Fri, Apr 14, 2017 - Page 10 News List

World Bank keeps growth view for East Asia, Pacific


The World Bank yesterday kept its economic growth forecast for this year for developing East Asia and the Pacific (EAP) region unchanged, but added that it is vulnerable to any sharp slowdown in global trade or tightening in financial conditions.

The Washington-based lender expects the region, which includes China, to grow 6.2 percent this year, slowing from 6.4 percent growth last year. It sees growth slowing further to 6.1 percent next year, compared with its previous forecast in October of 6 percent growth.

“Growth in developing East Asia and Pacific is expected to remain resilient, as continued buoyancy in domestic demand, including public and increasingly private investment, is supported by strengthening external demand,” the World Bank East Asia and Pacific Economic Update report said.

“Nevertheless, global and regional vulnerabilities mean that the positive prospects for growth and poverty reduction in the region in this base case are subject to significant risks,” it said.

The World Bank kept its growth forecasts for China unchanged at 6.5 percent for this year and 6.3 percent for next year.

It said countries in the region might need to adjust their accommodative monetary policies as upward pressure on consumer prices could intensify on the back of a pickup in producer prices and projected recovery in commodity prices.

The monetary easing cycle in Indonesia likely needs to be placed on hold, and in the Philippines, policies must be ready to adjust to rising inflationary pressures, the World Bank said.

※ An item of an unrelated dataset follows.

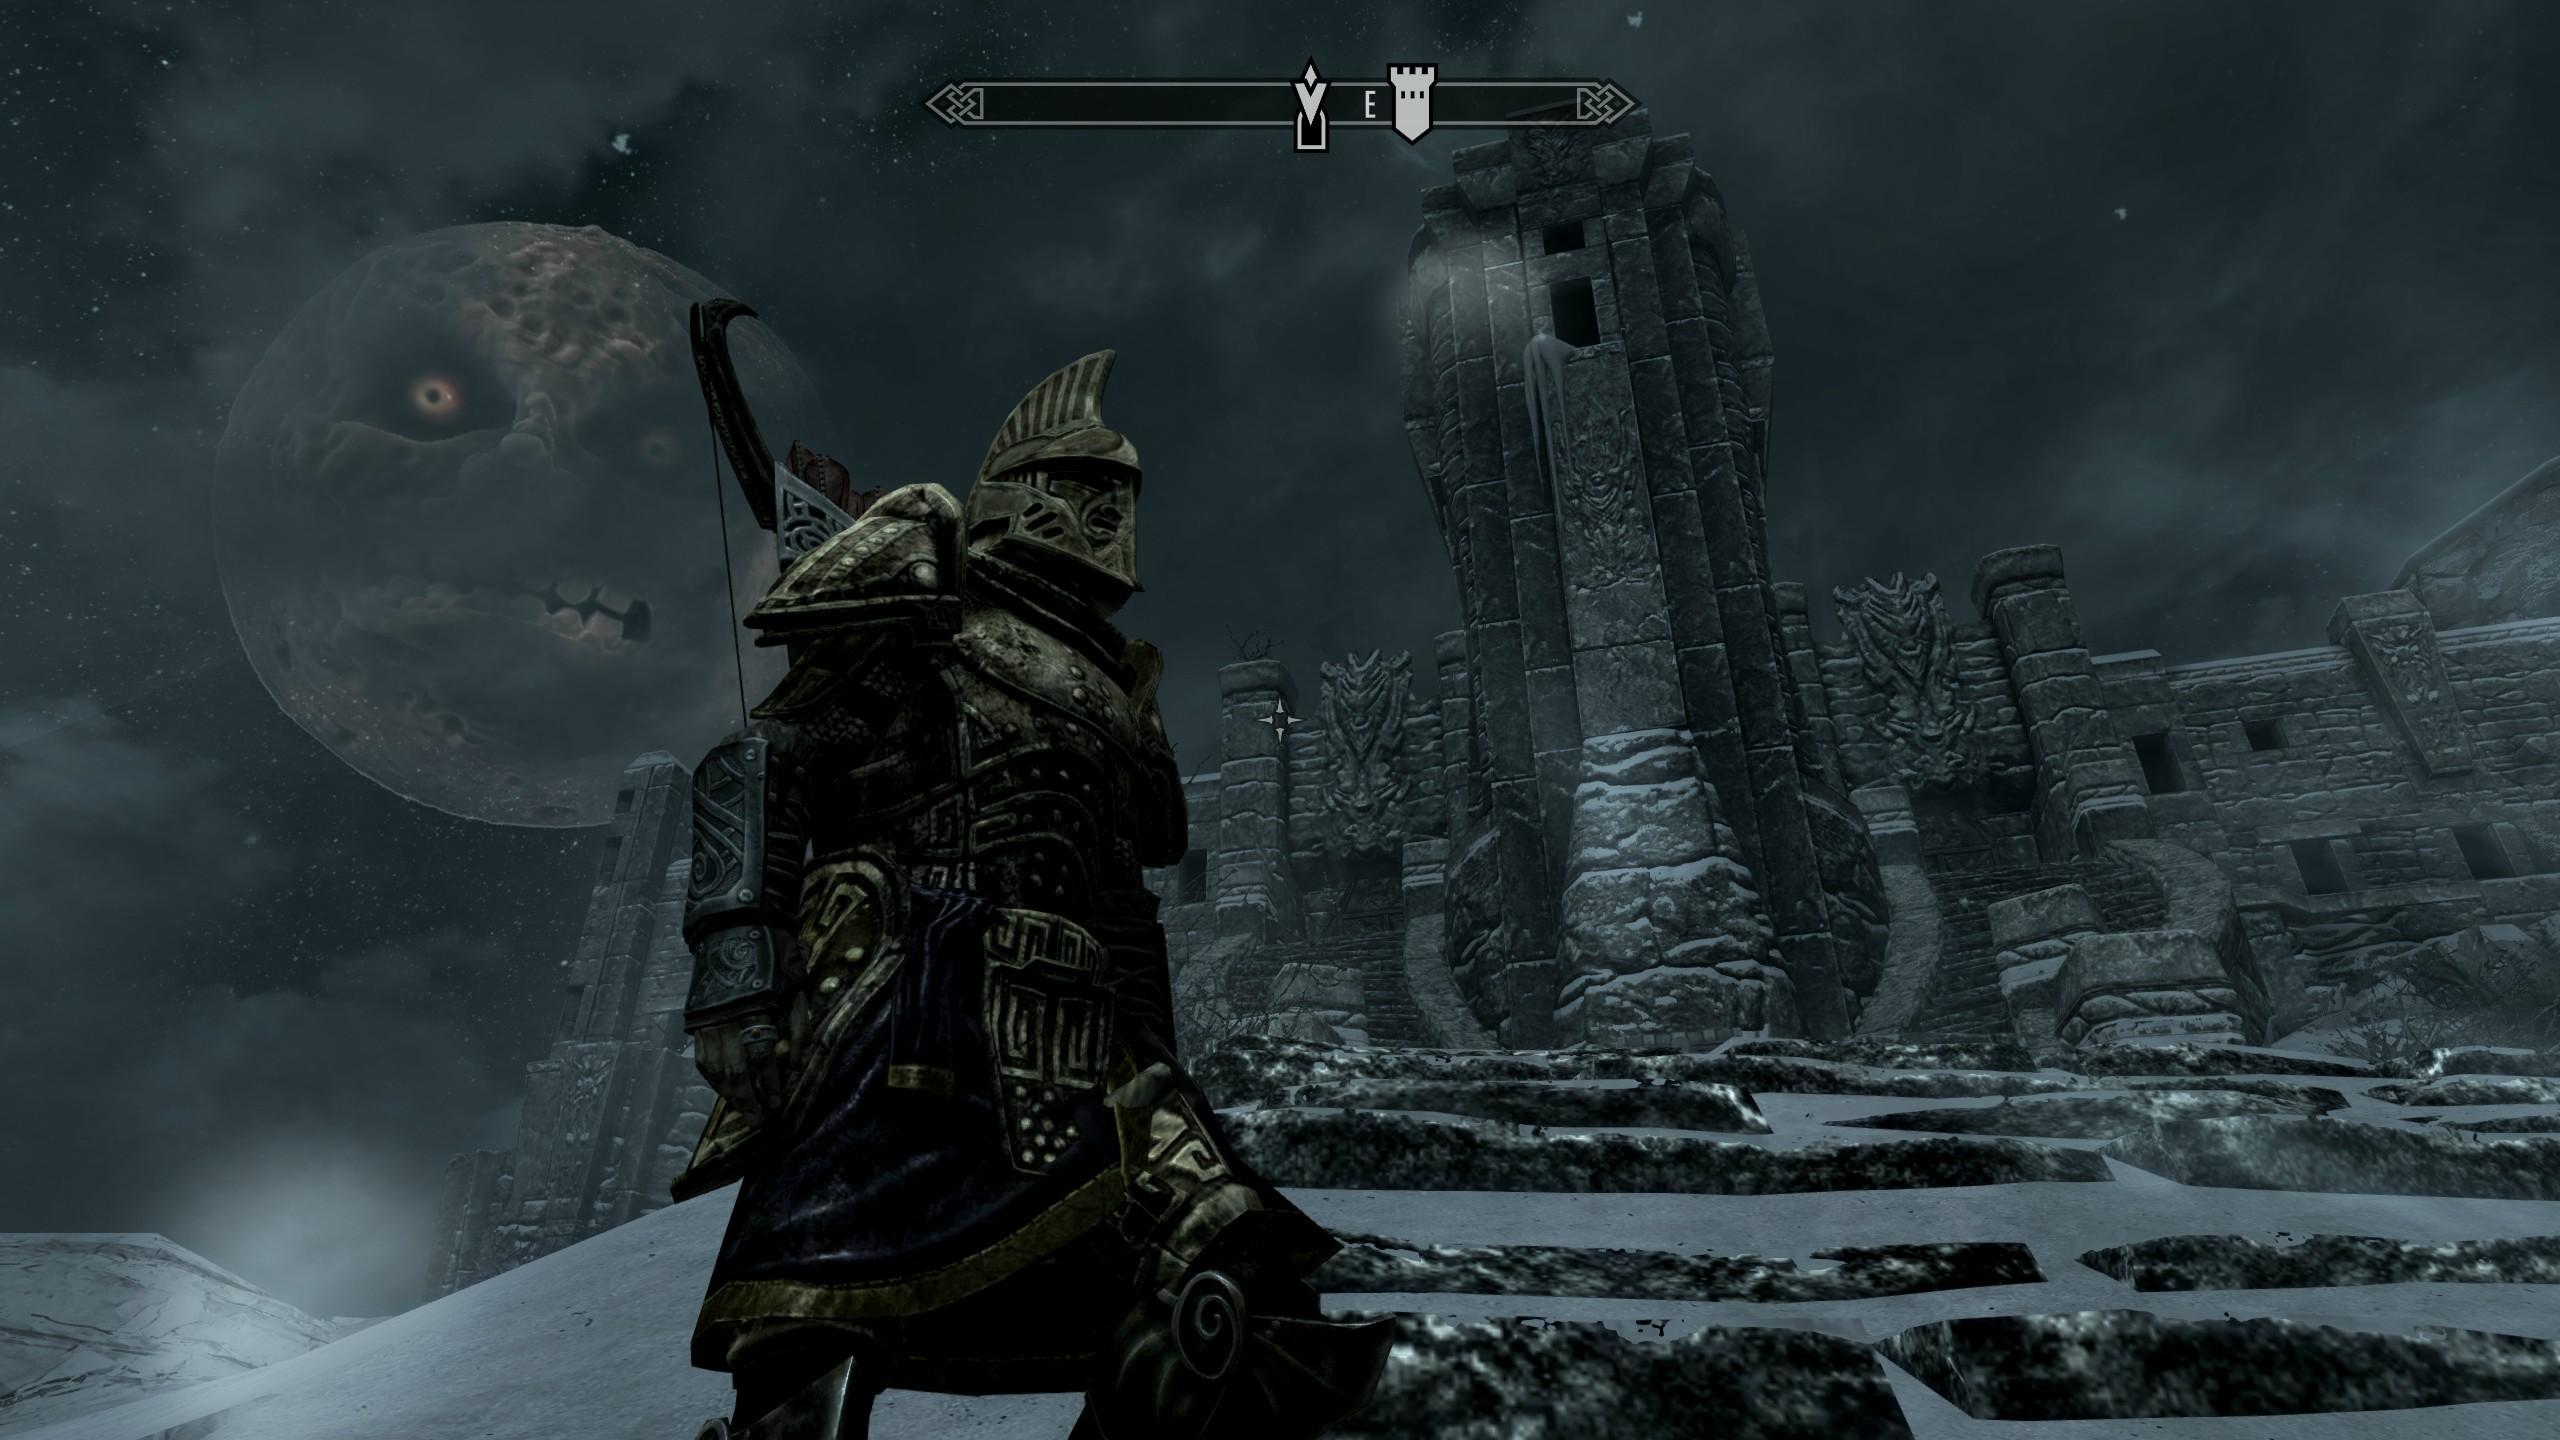 The Elder Scrolls V Skyrim Hd Wallpaper Background Image 2560x1440 Id 184413 Wallpaper Abyss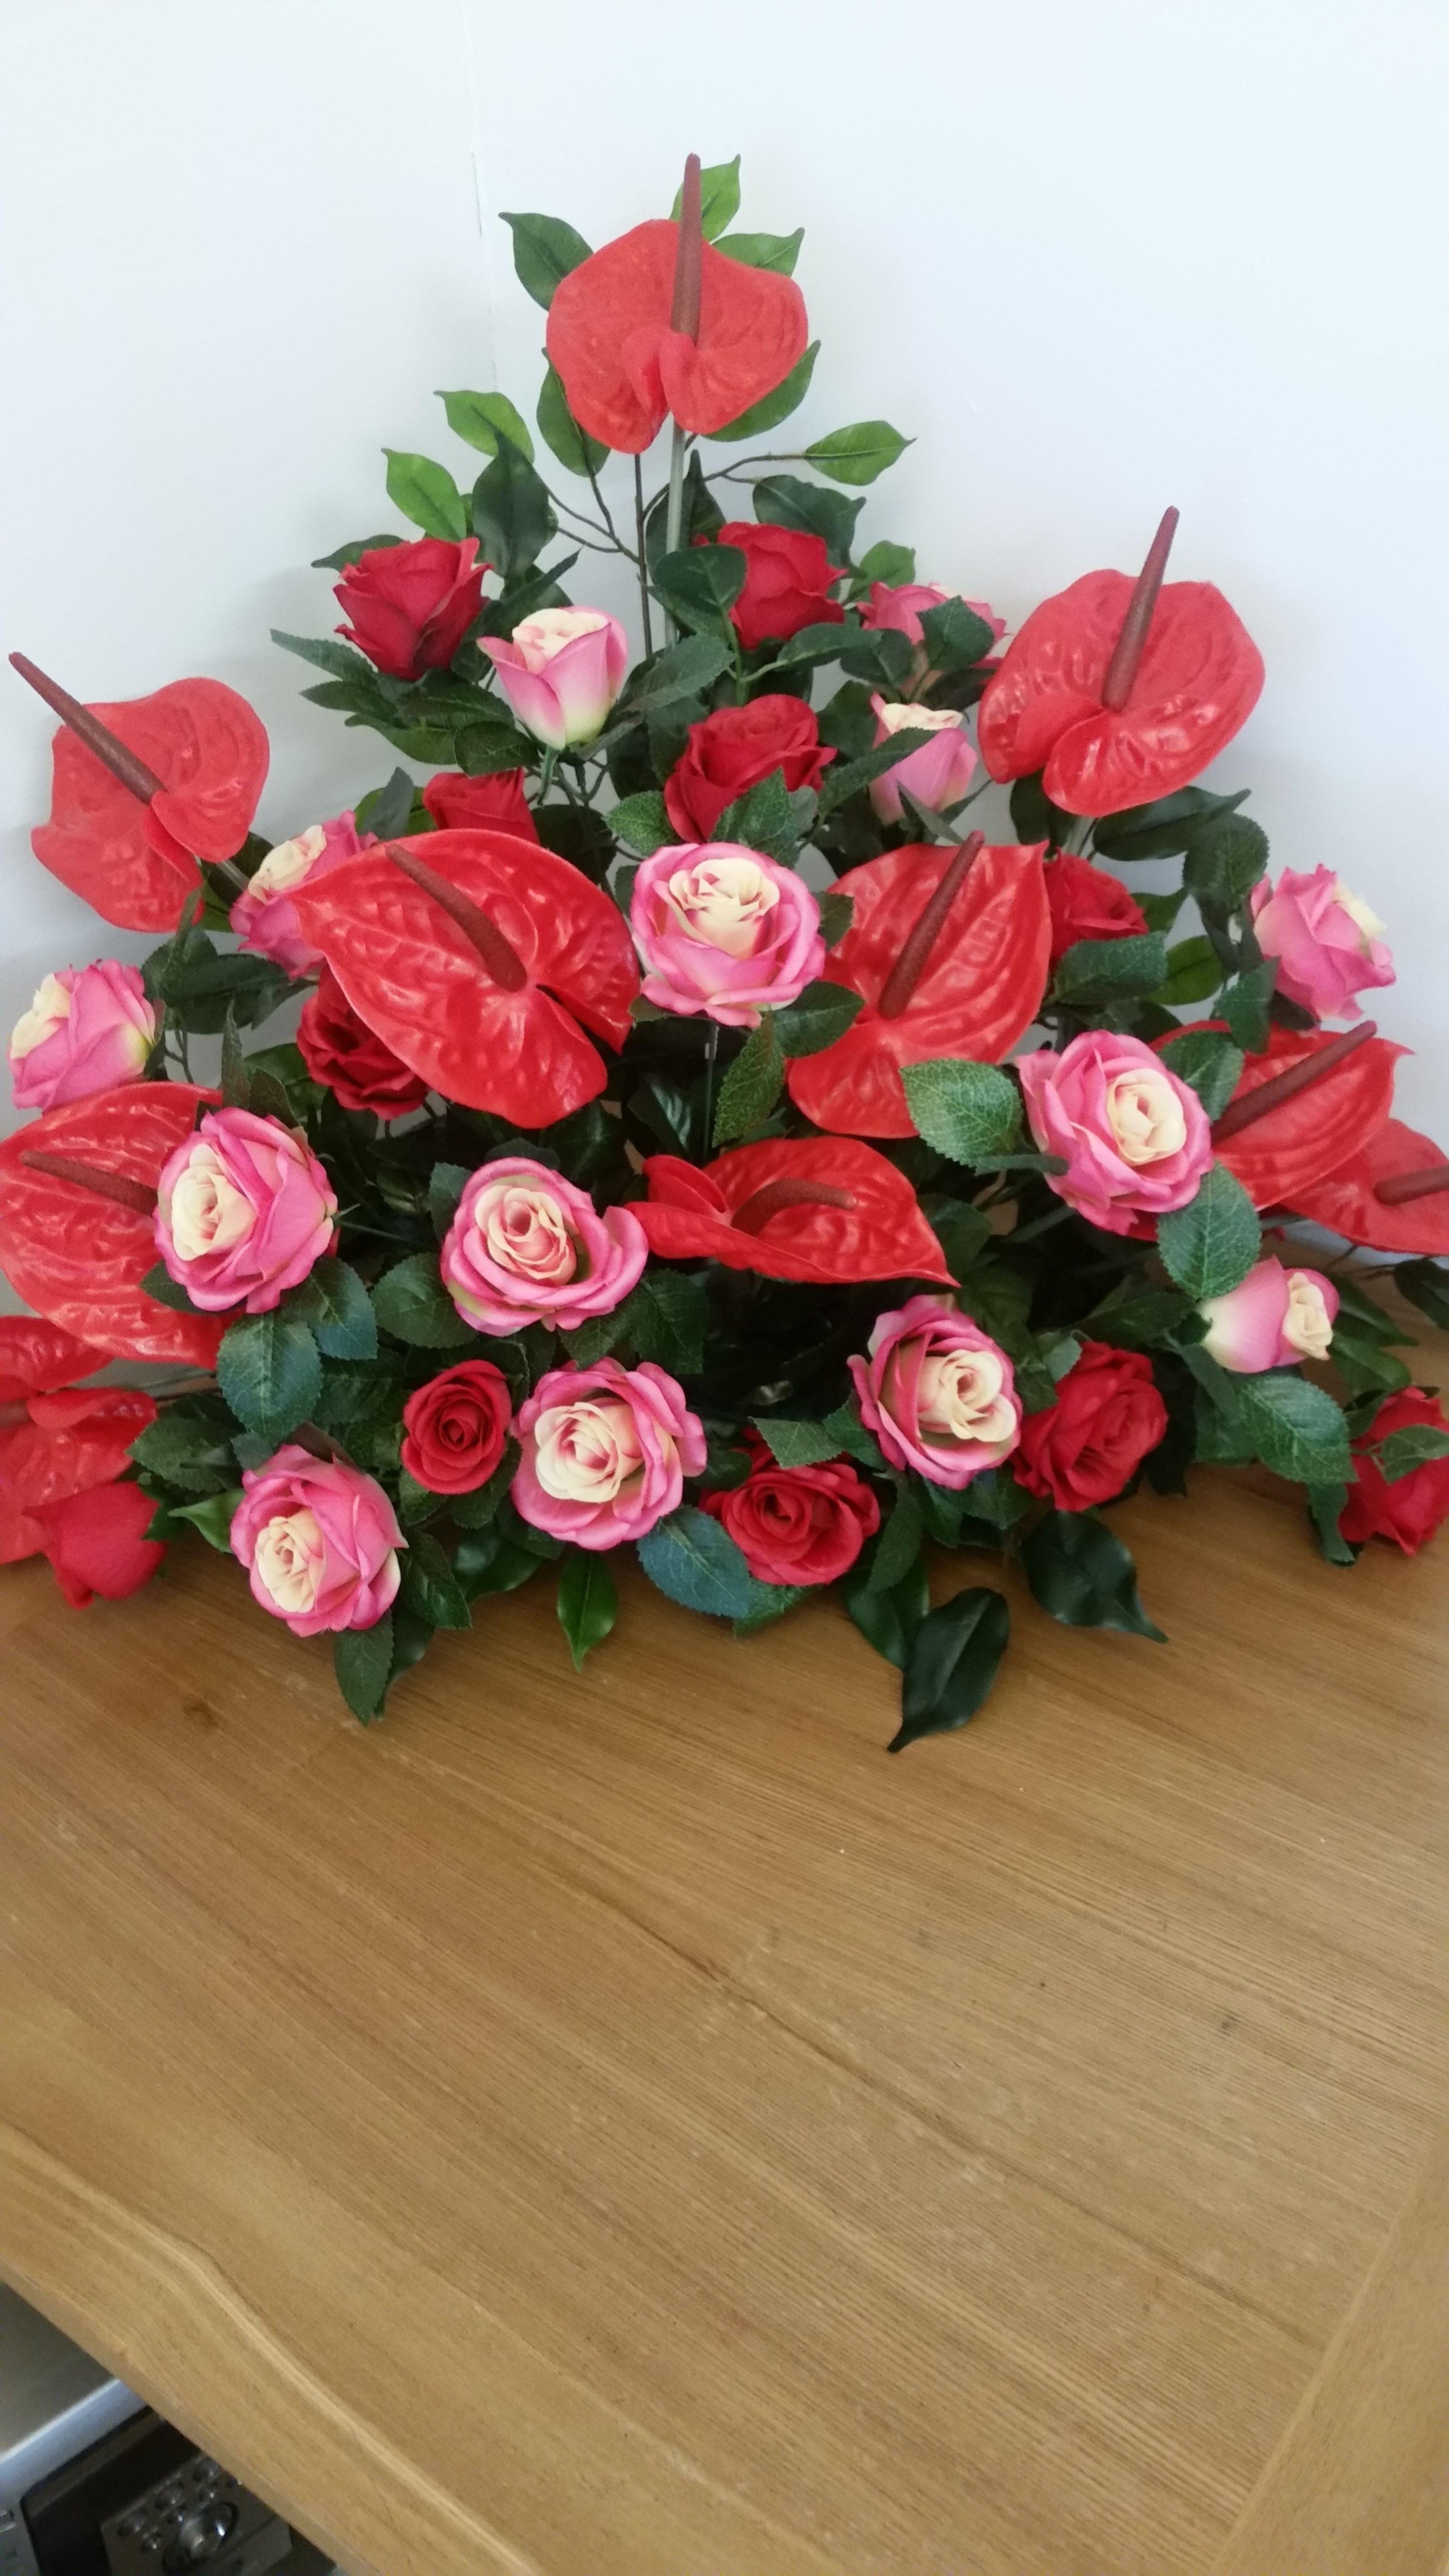 Silk flowers for hire crimson rose weddings pinterest rose silk flowers for hire mightylinksfo

Additionally, any sharp slowdown in global trade or in China could pose risks to the region’s growth outlook.

“Significant slowdowns in world trade, whether stemming from mounting global protectionist pressures or from unanticipated weakness in global activity, could adversely affect most of the region,” it said.

The World Bank added that the region’s resilience could be tested if global financial conditions tighten faster than expected at a time when the US is normalizing its monetary policy.